2.6. In vivo evaluation of the FUS system

The robotic device was evaluated in the MRI setting for assessing the efficacy of the transducer in sonicating healthy thigh tissue on a rabbit model (n = 8) and determinating any serious side effects. The rabbits were purchased from an accredited farm and all experiments were performed under the approval of the Veterinary Services, Ministry of Agriculture, Cyprus. Prior to conduction of the experiments, the rabbits were anaesthetised with injectable Ketamine (0.15 mg/kg) and Medetomidine (0.5 mg/kg), and their thighs were depilated (VEET, Reckitt Benckiser). The robotic device was placed on the table of a 1.5 T MRI scanner (Signa, General Electric) and an ABS platform featuring an opening, was placed on top of the transrectal probe. The rabbits were then placed on the platform with their thigh situated on the opening thus allowing proximal contact with the probe which was covered with a condom (DUREX, Reckitt Benckiser) containing degassed water. A high‐resolution T2‐W FRFSE image of the set‐up was acquired to ensure good coupling between the thigh and the transducer probe. Additionally, the image was used for calculation of the available thigh area thus avoiding ultrasonic exposure of the bone. Figure 4A shows the placement of both the robotic device and platform on the MRI table, while Figure 4B shows the acquired T2‐W FRFSE image of the set‐up. Different sonication parameters (acoustic power, sonication time) were used to examine the effect of induced thermal dose on tissue necrosis. MR thermometry maps were acquired during sonications to evaluate the in situ temperature change. Proton density (PD) images with fat suppression were acquired after sonications so as to examine the ablated area. Vital signs (heart rate, respiratory rate) and urination were monitored during the experiment. Upon completion of the sonications, the rabbits were humanely euthanized with intracardial injection of T‐61 (MSD Animal Health) and ante mortem tissue dissection was performed to examine the extent of necrosis.

(A) Robotic device placement on MRI table. (B) High‐resolution T2‐W FRFSE image (sagittal plane) of the rabbit thigh and robotic device.
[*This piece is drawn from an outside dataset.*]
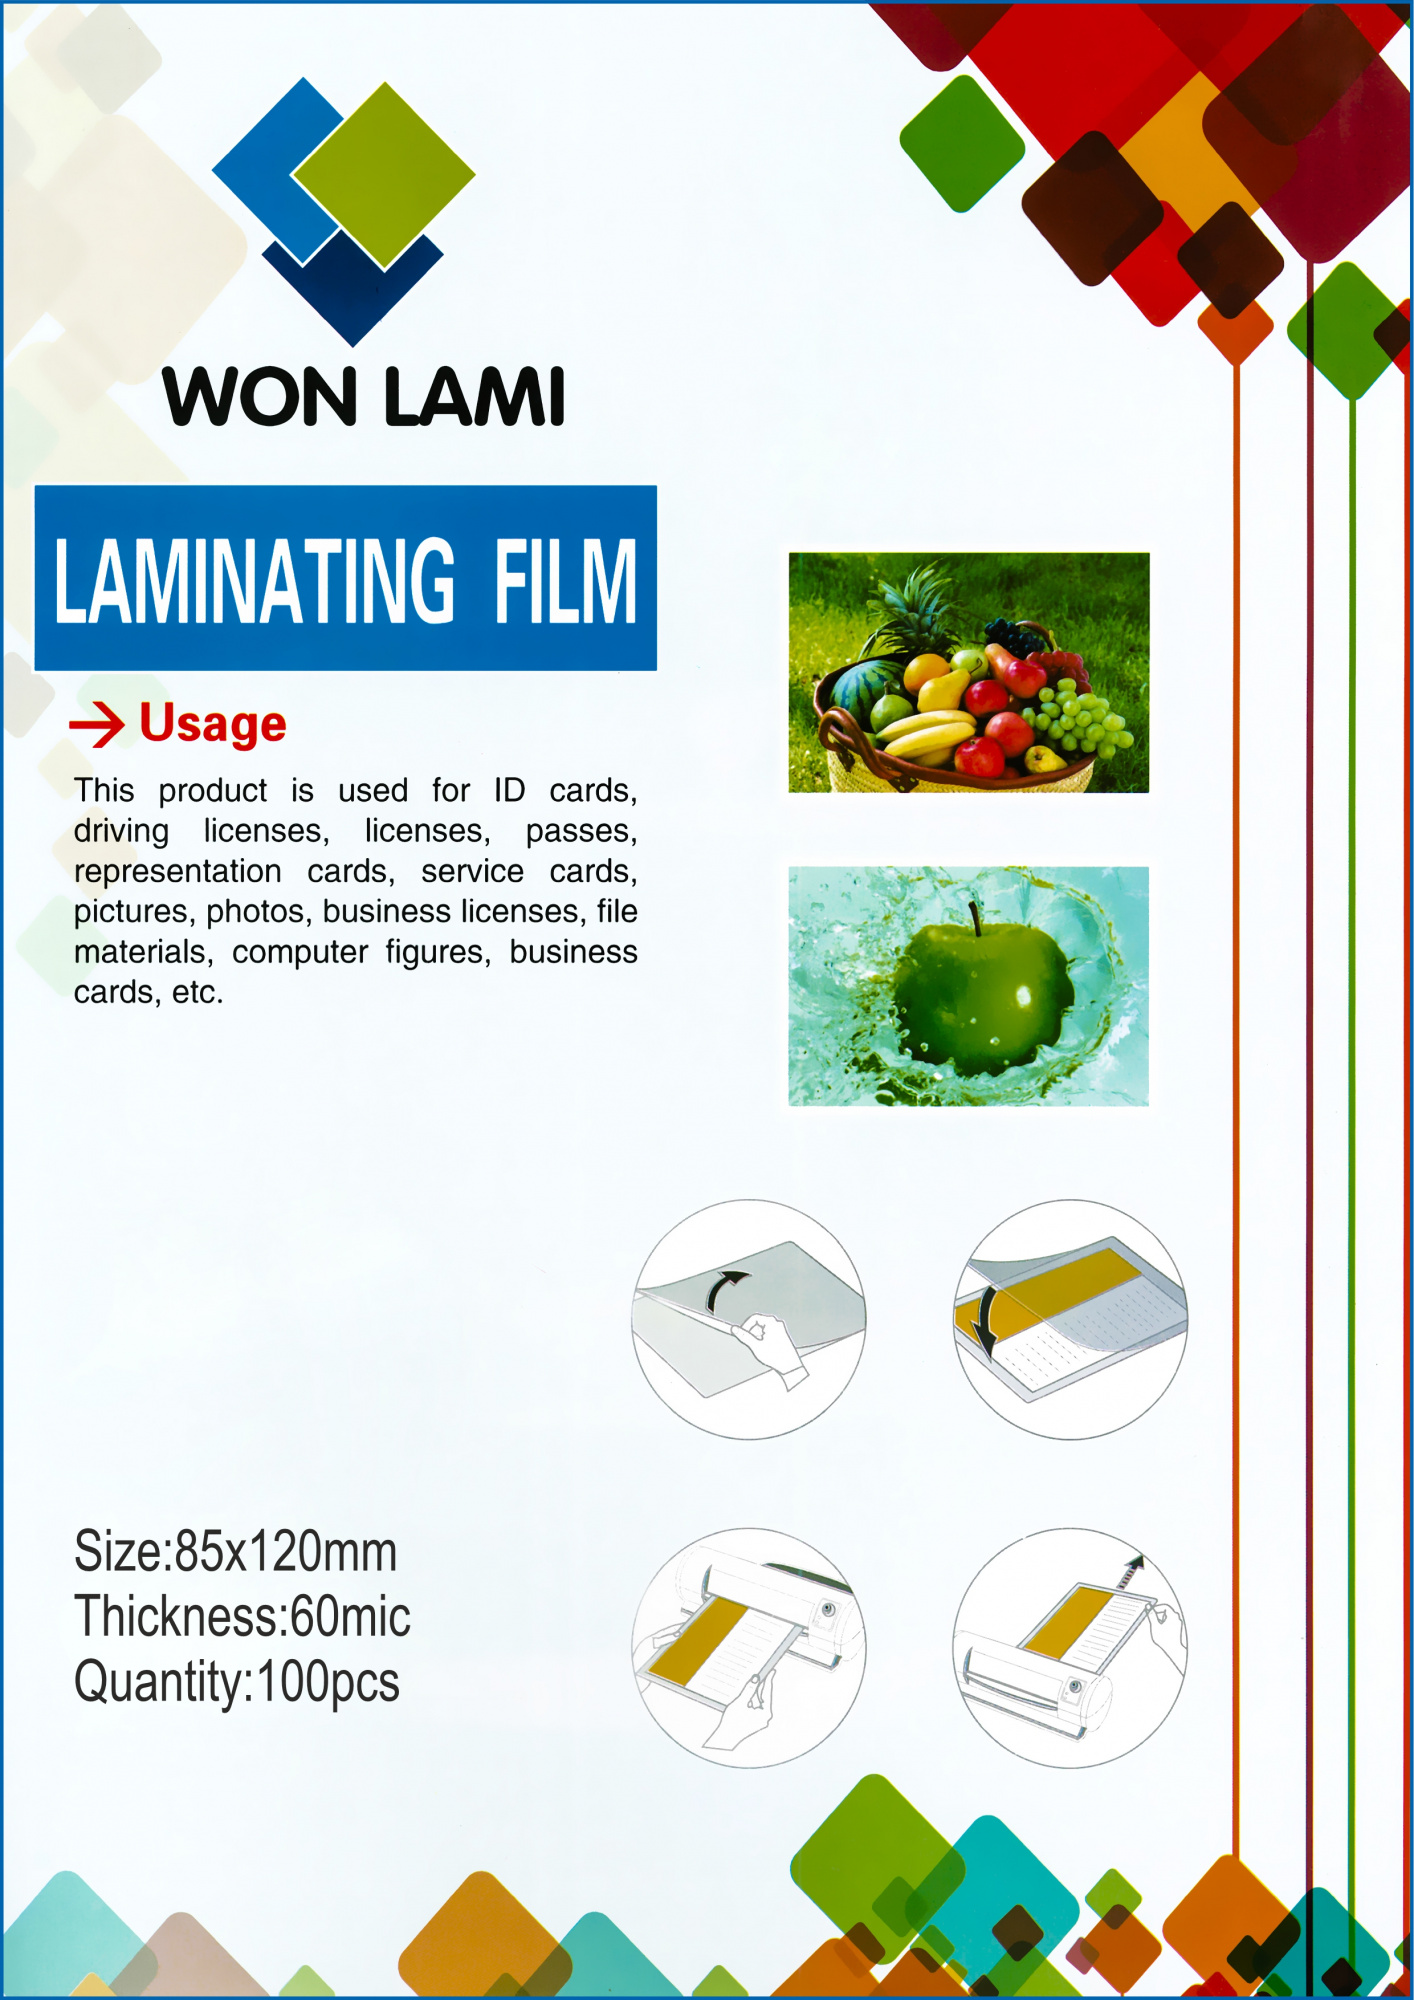 Пленка для ламинирования Won Lami 60мкм, 85x120, 100 шт., глянцевая (7664)

FRFSE, Fast Relaxation Fast Spin Echo; MRI, magnetic resonance image

3. RESULTS

3.1. MR compatibility

Figure 5 shows the MR images (top) acquired on coronal plane for different activation conditions of the transducer using FSPGR sequence and their corresponding differences (bottom) from the baseline image. Figure 6 shows the SNR as calculated from the MR images of the T2‐W FRFSE, FSPGR and EPI for the different activation conditions of the transducer. The SNR for different configurations of the transducer was slightly decreased upon connection and activation of the amplifier and did not significantly vary between T2‐W FRFSE and EPI. FSPGR resulted in the greatest reduction of SNR upon powering of the transducer. The SNR using EPI increased slightly (1%) upon activation of the transducer. It is possible that the change in the signal with EPI during activation of the transducer was so small that falls within the noise of the scanner, that's why the SNR appeared increased. Although the activation of the amplifier and transducer affects slightly the SNR, it did not significantly disturb the MR thermometry sequences. Figure 7 shows the MR images acquired using EPI sequence for different configurations of the robotic device while Figure 8 shows the SNR as calculated from the MR images of the T2‐W FRFSE, FSPGR and EPI. The SNR was not affected upon introduction of the robotic device in the bore, for all three sequences. There was an SNR reduction upon connection of the robot, with FSPGR resulting in the greatest decrease. On the other hand, EPI resulted in the largest SNR reduction during activation of the electronic system.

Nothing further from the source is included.